Posted Oct 08 2013 7:27am


By Moira Dolan, M.D.

If we were to listen to the National Association for Mental Illness, one out of three Americans has a mental illness. The numbers from the National Institute of Mental Health are pretty alarming: over 2.2 million adult Americans have schizophrenia, 40 million have anxiety disorder and 5.7 million are bipolar. It doesn’t stop there.

For a better sense of just how crazy we are supposed to be, take a look at the American Psychiatric Association’s billing bible, the Diagnostic and Statistical Manual of Mental Disorders (DSM). It started off as a 130-page paperback with a handful of clinical descriptions. It has mushroomed to a heavy 886 page book describing 297 mental afflictions.

The current version, DSM-IV-Revised, finds “illness” in every aspect of daily life. There is virtually no one who would not at some time fall into a category in this book.

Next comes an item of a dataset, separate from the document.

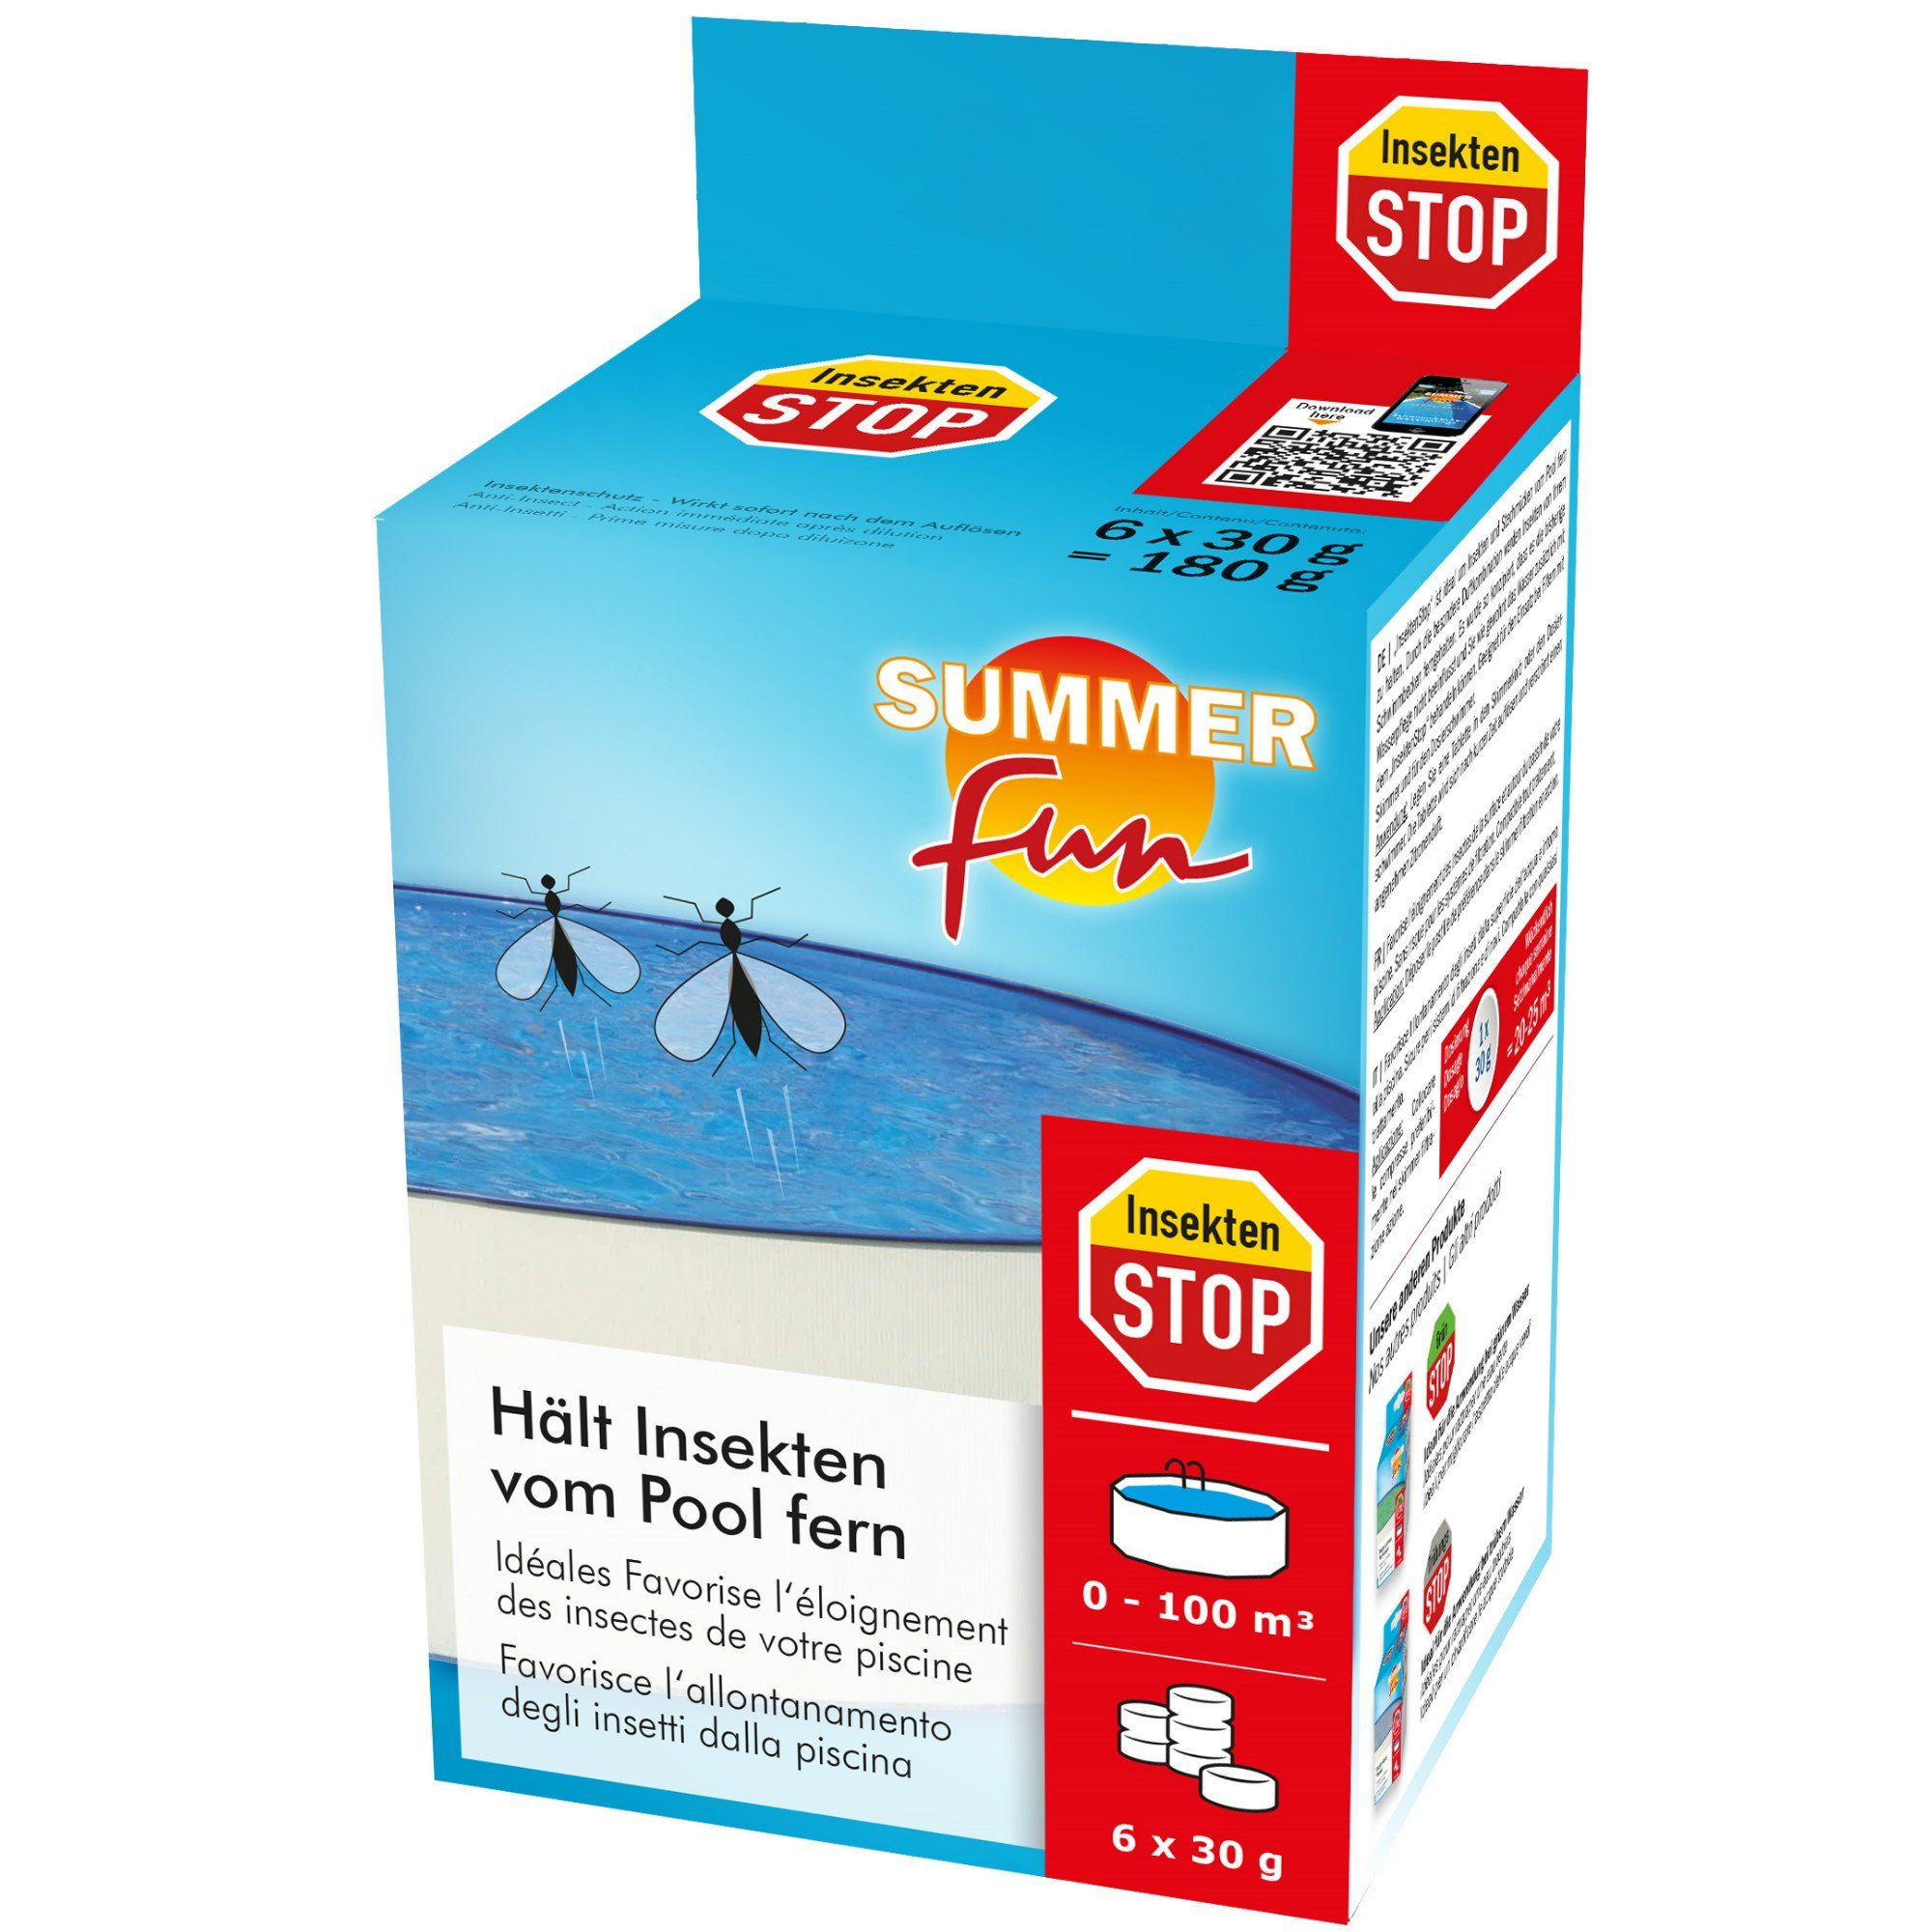 SUMMER FUN Poolpflege Summer Fun - Insektenstopp, 0,18 kg

Sex, drugs and food are favorite topics in the DSM. While early DSM versions focused on too much sexuality, the current version goes into more detail on under-sexuality, including Inhibited Sexual Desire Disorders, Premature Ejaculation Disorder, Male Erectile Disorder and Female Sexual Arousal Disorder. There is even a psychiatric diagnosis for people who fail to get sexually aroused when viewing pornography. These are just a few of the 21 sexual disorders in the book.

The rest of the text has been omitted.